RHR: Whose name do you invoke at your shrine to poetry?

JCT: I do not worship poetry, nor do I adore it in the sense of paying divine honors to it. Poetry itself and the writing of it can be an act of adoration, in that it beseeches, entreats, asks as in prayer. In this sense there might be a shrine to poetry, but I have not made one, not even in an ars poetica. I did worship at a shrine in my childhood home—a bookcase in the living room. It was about three feet high, its wood dark, perhaps mahogany, built to hold the twenty-four volumes of the Encyclopedia Britannica, 14th edition, A new survey of universal knowledge. I couldn’t actually read the title but I memorized the first two words, asking my mother to say them repeatedly, and saying them over and over until I gathered the gold-toned letters into words I recognized, even that strange ‘ae’ configuration which didn’t appear in my Weekly Reader or in the Dick and Jane books used as early readers in primary school. The letters, so bright against the stolid navy blue of the book cloth, were the only gold in our home except for my parents’ wedding rings and a bracelet my mother wore on special occasions, so I understood they were valuable, although I didn’t know that word. I was maybe six when the bookcase and its contents became a shrine to language, where I performed the ritual of selecting a letter, pulling the heavy volume from the shelf onto the floor where I knelt, opening to random crinkly pages. I would choose a subject heading to spell to my mother: what is J-a-g-u-a-r? what is J-e-r-u-s-a-l-e-m?, then stare at the word and chant its sound until the two merged. That initial fascination with individual words, as units of printed letters and the sounds they are keyed to, continues. Saying aloud is an aspect of shaping every draft and revision I make.

Although I have not made a shrine to poetry, poetry has made a sanctuary for me, a refuge where I can tune to the conjoined mind-heart, to image, story, and sound. It is a space to evoke rather than invoke. I am not calling on others as authorities but rather calling forth resonances with them (writers, visual artists, composers, musicians, artisans, scientists, historians, social scientists) and with what I observe. If I invoke anything, it is vision—the first glimpse. And re-vision—seeing again, uncovering the layers so that the resonances rise.

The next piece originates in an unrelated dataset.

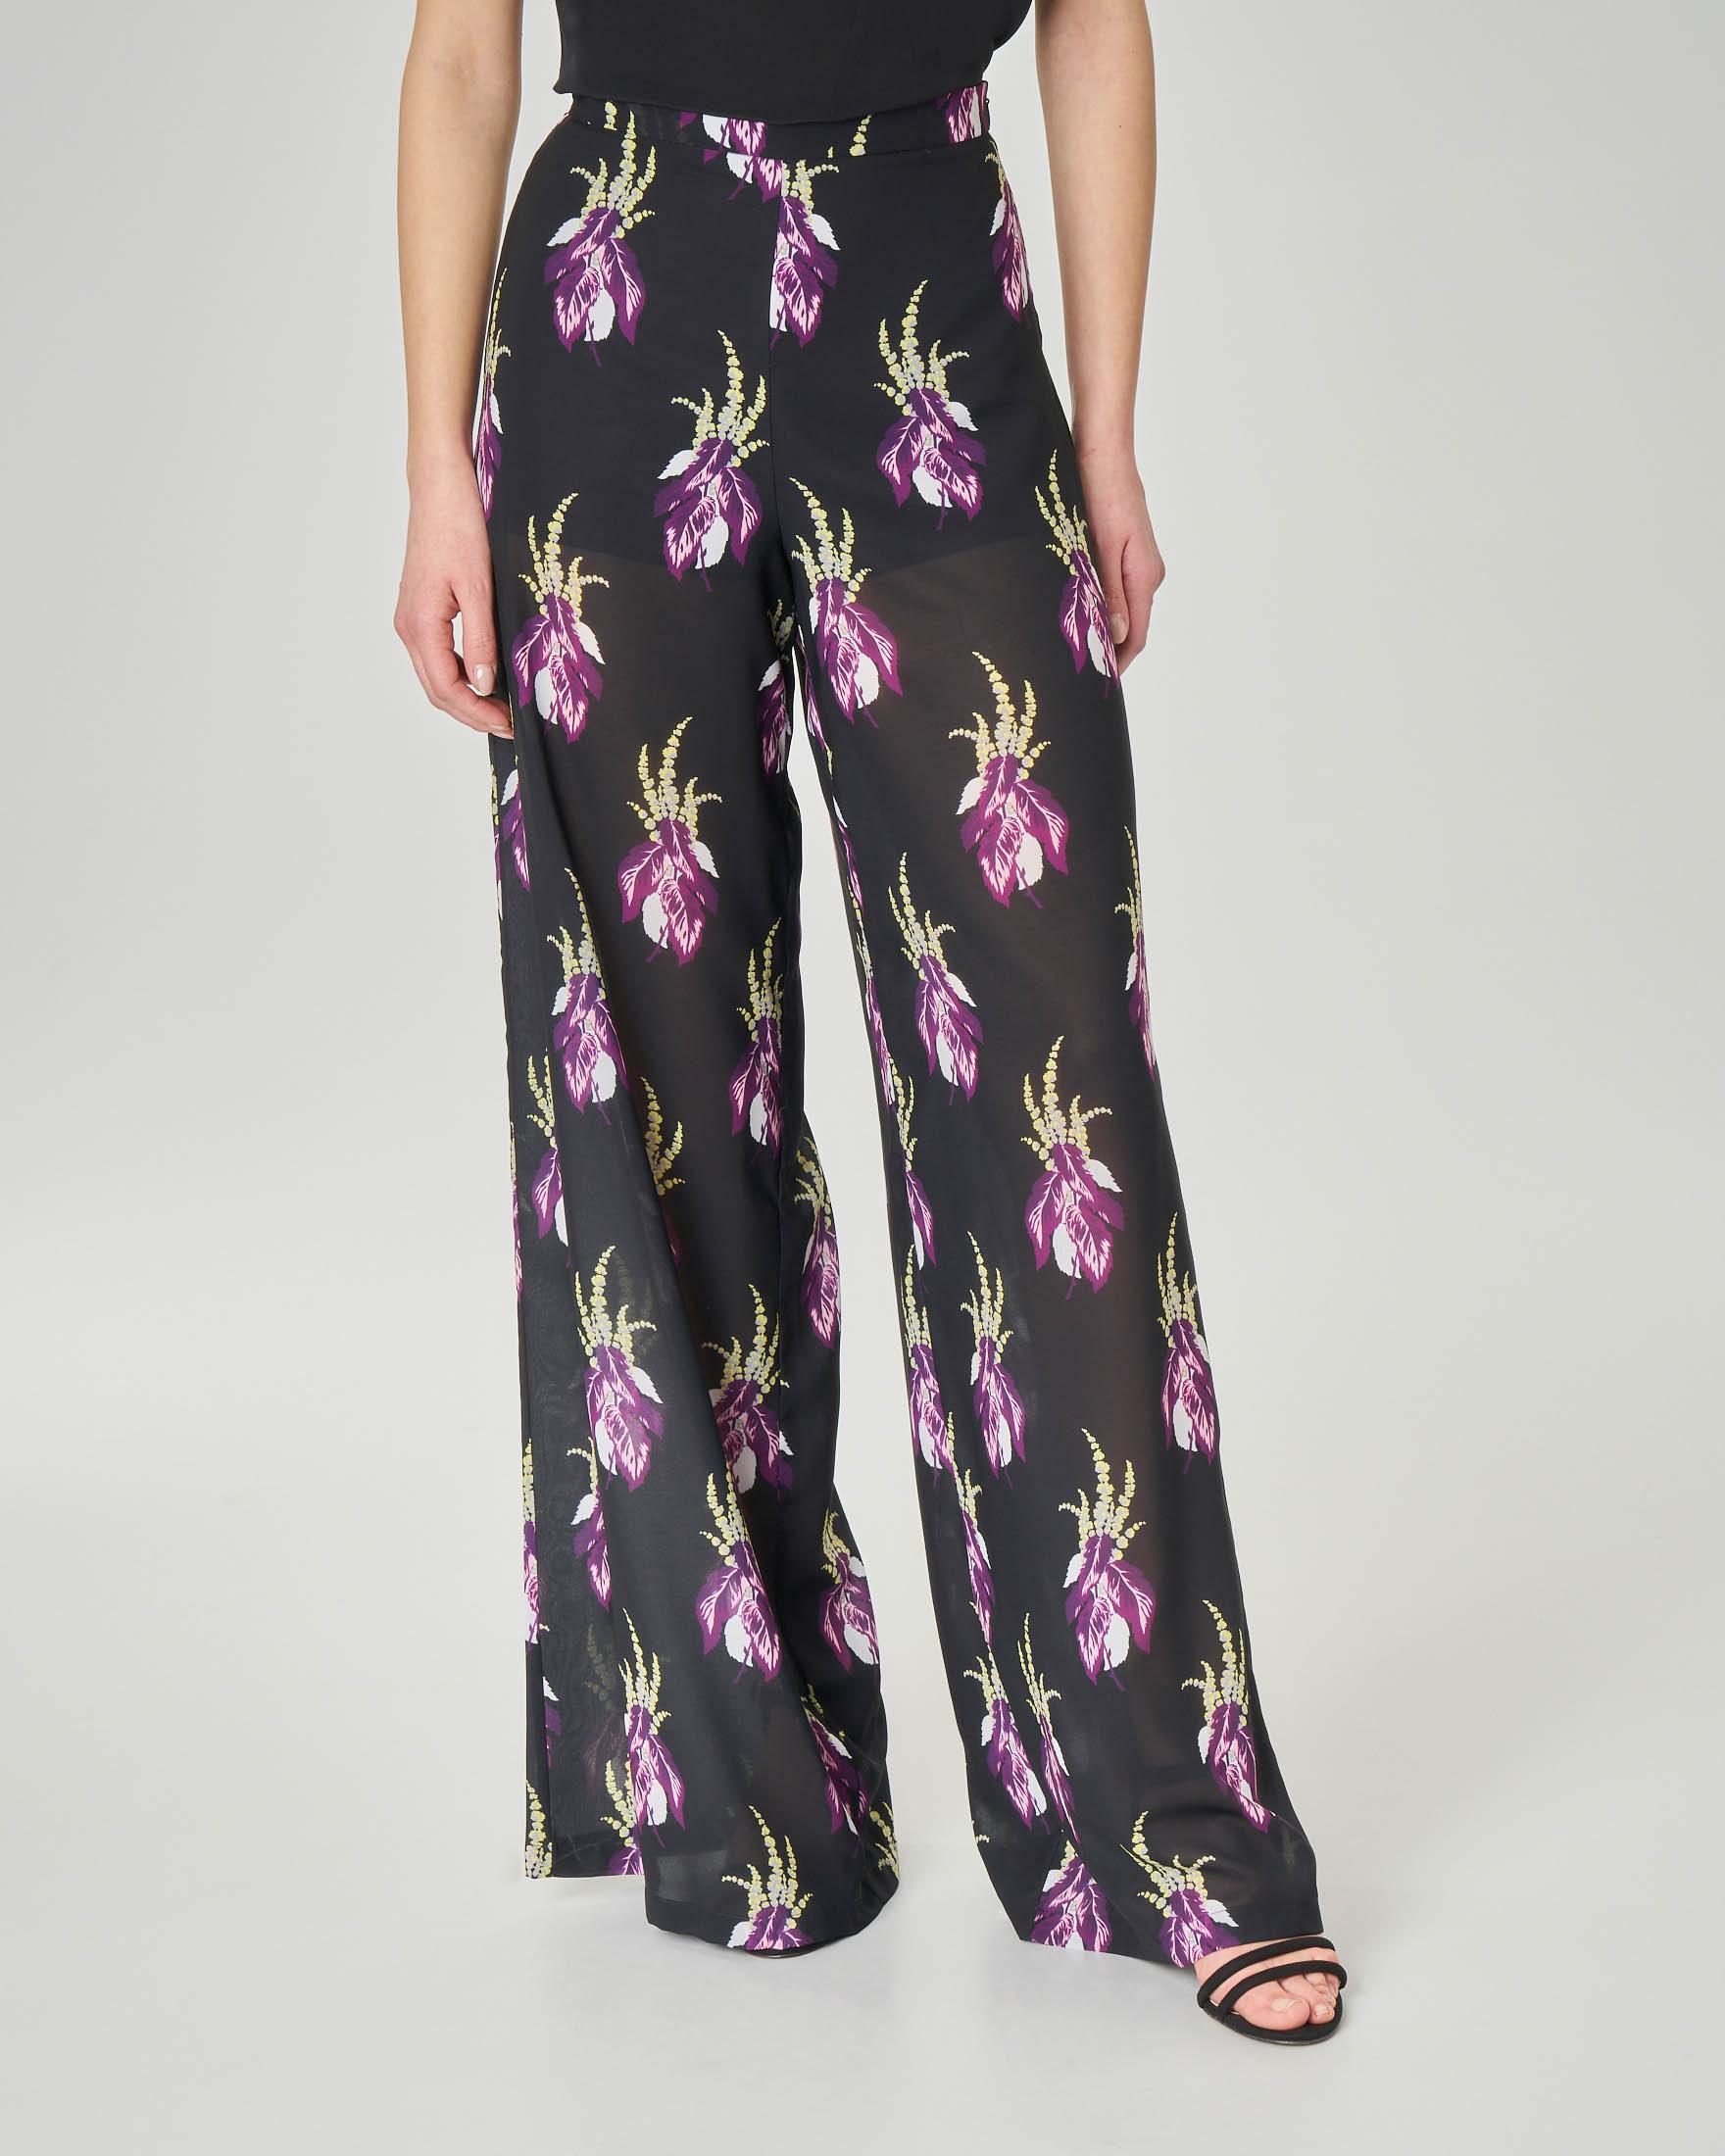 Pantaloni palazzo neri in georgette effetto trasparente con stampa floreale

RHR: Notebook paper or computer? Pen or pencil?

JCT: All, plus voice.

Paper and pencil for journal, notes on scraps of paper, longhand drafts on legal tablets. Pen when a pencil isn’t available. Writing by hand is akin to drawing, accessing the brain through pathways different than the percussive of the keyboard. Initially, I prefer to freewrite drafts by hand, making early revisions or asking questions. From there, I move to the computer to key in the draft, its early edits, notes on alternative phrasing, and ideas about how the draft might develop, although often when I’m keyboarding, I will also make notes by hand that I later enter into a computer file. After that, I work between the hand written versions and the printed-out digital versions to produce revised drafts that I save as a separate digital files. As you can see, despite the computer screen, it’s paper all the way. I usually handwrite lines to work on scansion or rephrasing. To concentrate on lineation, stanza breaks, punctuation, and spacing within lines and to check etymology, synonyms, and spelling, working with a digital file is more efficient. Throughout this process, which may continue for weeks, months, or years, I read aloud as I edit, so each draft is modified by voice, which is to say by breath. I do not record the voice iterations. One time I constructed poems primarily by voice was the sonnet crown “FUBAR’d” in Beyond Repair. I built each poem by voice and ear, line by line, then preserved the voiced drafts by hand. During the first spring of Covid, I composed one haiku by voice during a daily walk. With both of these voice-initiated poem series, the drafts ended up as computer documents.